Gowning up in outfits that outwardly resemble protective clothing provides the vague sense that we are preparing ourselves for another environment, much like putting on boots, coat, and hat for a winter outing. But the bunny suits provide no protection from the chemicals; rather they protect the clean room from us—the invisible particles our bodies throw off with every slight movement. Yet more than once have I heard workers (and in one case, a manager) speak of the bunny suit as if it guarded against danger.
The laminar flow of particle-cleansing air also imparts a false sense of safety. Laminar flow and particle filters are not designed to extract dangerous fumes, traces of which can circulate undetected for hours, especially in older fabrication areas. In some clean rooms, the forced air can "kick up" toxic fumes, spreading them outward and upward toward noses and eyes. Still, the sound and feel of flowing air lends a deceptive "cleanliness" to the ambiance. The ambiance is misleading in a distinctly modern way.
In deference to the fragile wafers—rather than to the dangers that loom every-where—the workers move in eerily cadenced motion that resembles the tentative movement of astronauts slightly free of Sudden movements raise eye-brows and suggest accidents. This restrained, unspontaneous motion is the preferred body language. It is a language not everyone can speak, and one which managers bear in mind when screening job applicants. They select women, disproportionately recent immigrants from Central America, the Pacific Rim, and Asia, for the most tedious clean room jobs.
"Men as a group do not do as well" at the lonely, detailed, and monotonous tasks, a male clean room manager confides. "I'm not talking about [women's] little fingers being more agile [than men's]. That's bullshit. But just the way our society trains women and the [lack of?] opportunities that they have, cause them to be more inwardly directed." The same manager applauds the suitability of maternal instincts to clean room work. "A lot of the dealing with children gets transferred to dealing with wafers: [the wafers become] 'my babies, be careful."' Perhaps these observations are less real than rationalization for management's primary attractions to women (low pay) and recent immigrants (gullibility). But a semblance of truth clings to this rationalization.

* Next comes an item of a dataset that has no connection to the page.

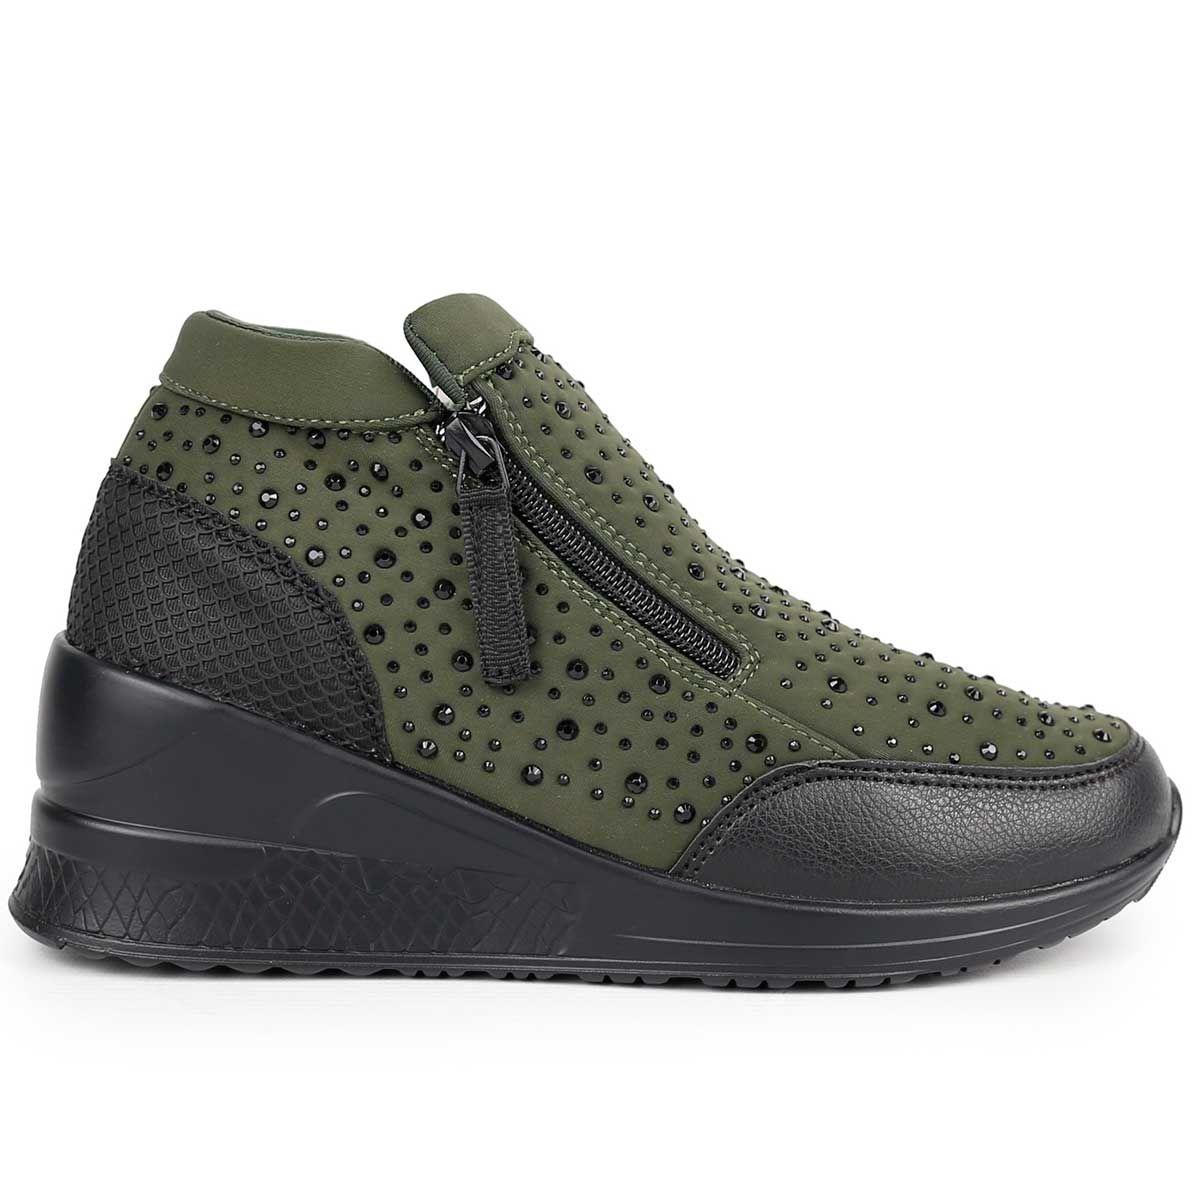 Montevita Sporty Wedge Sneaker in Green
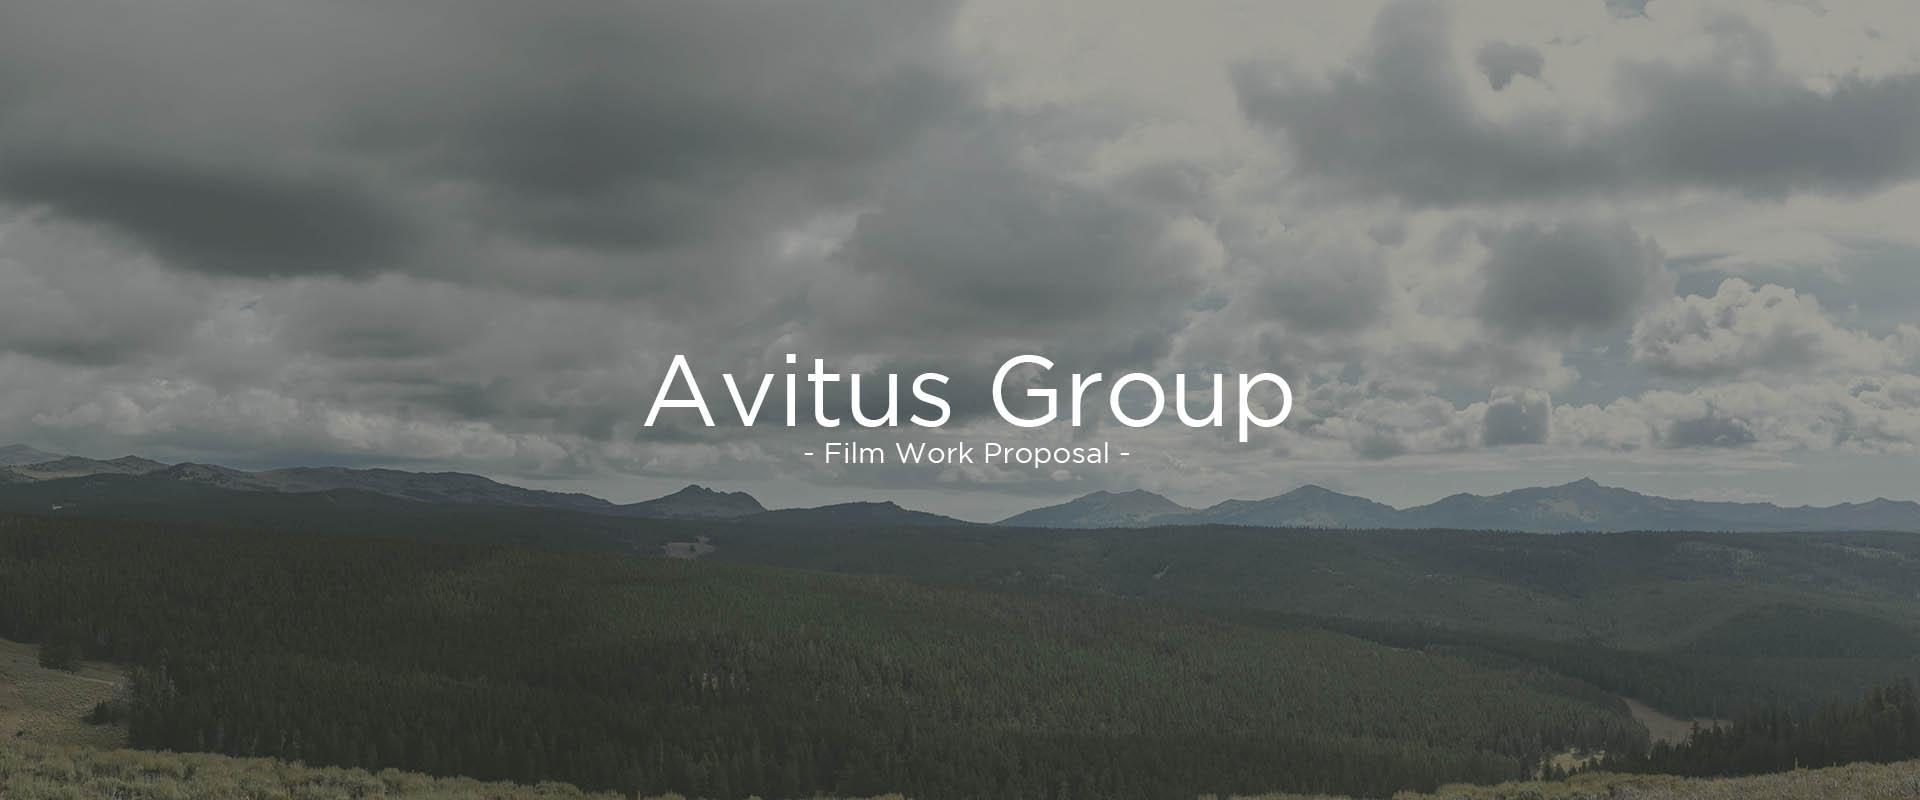 Avitus Group .jpg

The Latin and Asian countries from which so many clean room women hail are experiencing rapid, if uneven, modernization. The comparison to middle-class American culture—the culture of permanent modernization—is not always a stark one. But by differences of degree, the more traditional Latin and Asian cultures impoverish a woman s expectations for herself, binding her more tightly to the world of child-rearing, housekeeping, subservience to men, and poverty-level wage labor. In its traditional or modern versions, it is a world that supports virtues esteemed by clean room managers: diligence to demanding work, humility before male authority (there are probably no female clean-room managers in the Valley), and a halting estimation of self-worth. The women earn between $4.50 and $10.00 per hour—pay that requires regular overtime, or other incomes, to constitute a living wage in Silicon Valley. Many of the women are not wise to the traditions of American wage labor and workplace rights. This is disadvantage enough. Some, however, suffer a special anxiety: they are here without immigration cards, and stand to lose everything on a moment's notice. They are the prisoners of a humbling sociology of approval.
By dint of time, attention, and pampering, clean room work approaches that of a 24-hour nursery. For 6-7 days a week on 8-12 hour shifts around the clock, the women move gracefully from process to process, gently bearing cassettes or boats of delicate wafers from the photolithography of the steppers, to the arsine and chlorine doping of the ion implanters, to the acid baths and gas clouds of the wet and dry etchers. Even gloved hands are too rough for the brittle wafer; workers use vacuum wands, plastic tweezers, or custom pronged tools to "handle" them. Drilled by management in misplaced priorities, many women perceive the most demanding aspect of their work—wafer handling—as the most dangerous. This is because wafer accidents are not easily forgotten, by any-one.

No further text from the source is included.